A Fiscalização do Conselho de Enfermagem do Paraná (Coren/PR) encaminhou para a delegacia uma mulher de 36 anos que atuava como técnica de enfermagem com um registro falsificado do Conselho em uma unidade privada de atendimento a pacientes com covid-19 no bairro Boqueirão, em Curitiba. A ação, em parceria com o 7º Distrito da Polícia Civil, ocorreu na tarde desta quinta-feira, dia 30.

Após constatação da situação de falsificação, as enfermeiras fiscais do Coren/PR, acompanhadas do delegado Rodrigo Souza e do superintendente Mohamed Abidin, fizeram a abordagem na instituição em que a mulher trabalhava para recolher o documento falsificado e garantir o afastamento imediato da suposta profissional das atividades de Enfermagem.

“É função da fiscalização do Coren/PR garantir que profissionais devidamente habilitados exerçam atividades de Enfermagem. Uma pessoa sem qualificação atuando em procedimentos da área pode colocar a vida dos pacientes em risco”, explicou a enfermeira fiscal do Conselho, Elizabeth Cunha.
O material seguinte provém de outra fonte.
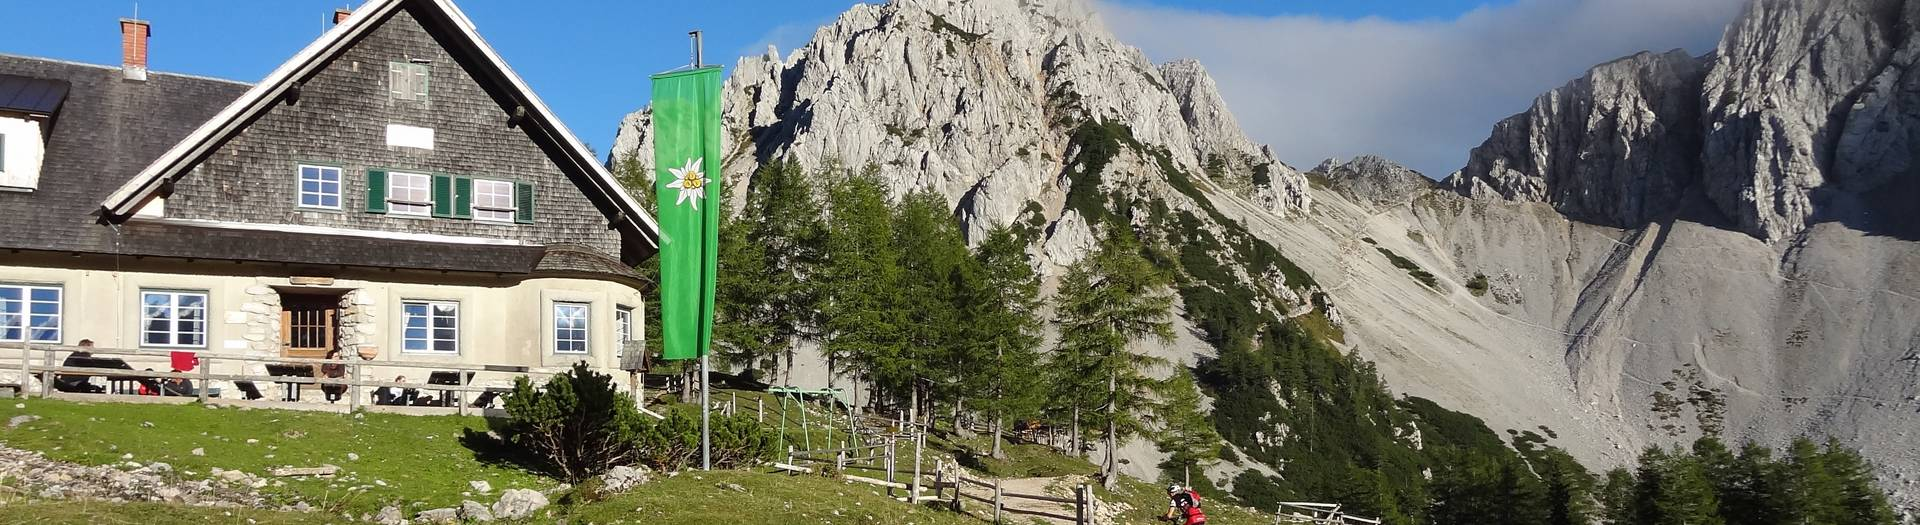 Klagenfurter Hütte in Feistritz im Rosental

No momento da abordagem, ela atuava na triagem de pacientes com suspeita de covid-19, atividade que pode ser exercida apenas por enfermeiros.

No mesmo momento, a mulher foi retirada do trabalho e teve que seguir até a delegacia para explicar a situação. “A falsa técnica de enfermagem estava atuando na unidade e quando abordada pelos policiais e fiscais do Coren/PR negou os fatos, mas na delegacia confessou que não tem habilitação técnica para o exercício da função e que utilizou um registro falso para sua contratação, que ocorreu em março de 2020”, detalhou o delegado.

Após prestar depoimento, foi lavrado pela Polícia Civil um termo circunstancial de exercício irregular da profissão e aberto um inquérito para a apuração da falsificação dos documentos.

A Enfermagem é uma profissão regulamentada por Lei Federal (Lei n.º 7.498/86) e somente o profissional habilitado, inscrito e em dia com seu conselho de classe pode exercer as atribuições da área. A principal função da fiscalização é garantir segurança à sociedade quanto aos trabalhos prestados por enfermeiros, técnicos e auxiliares de enfermagem.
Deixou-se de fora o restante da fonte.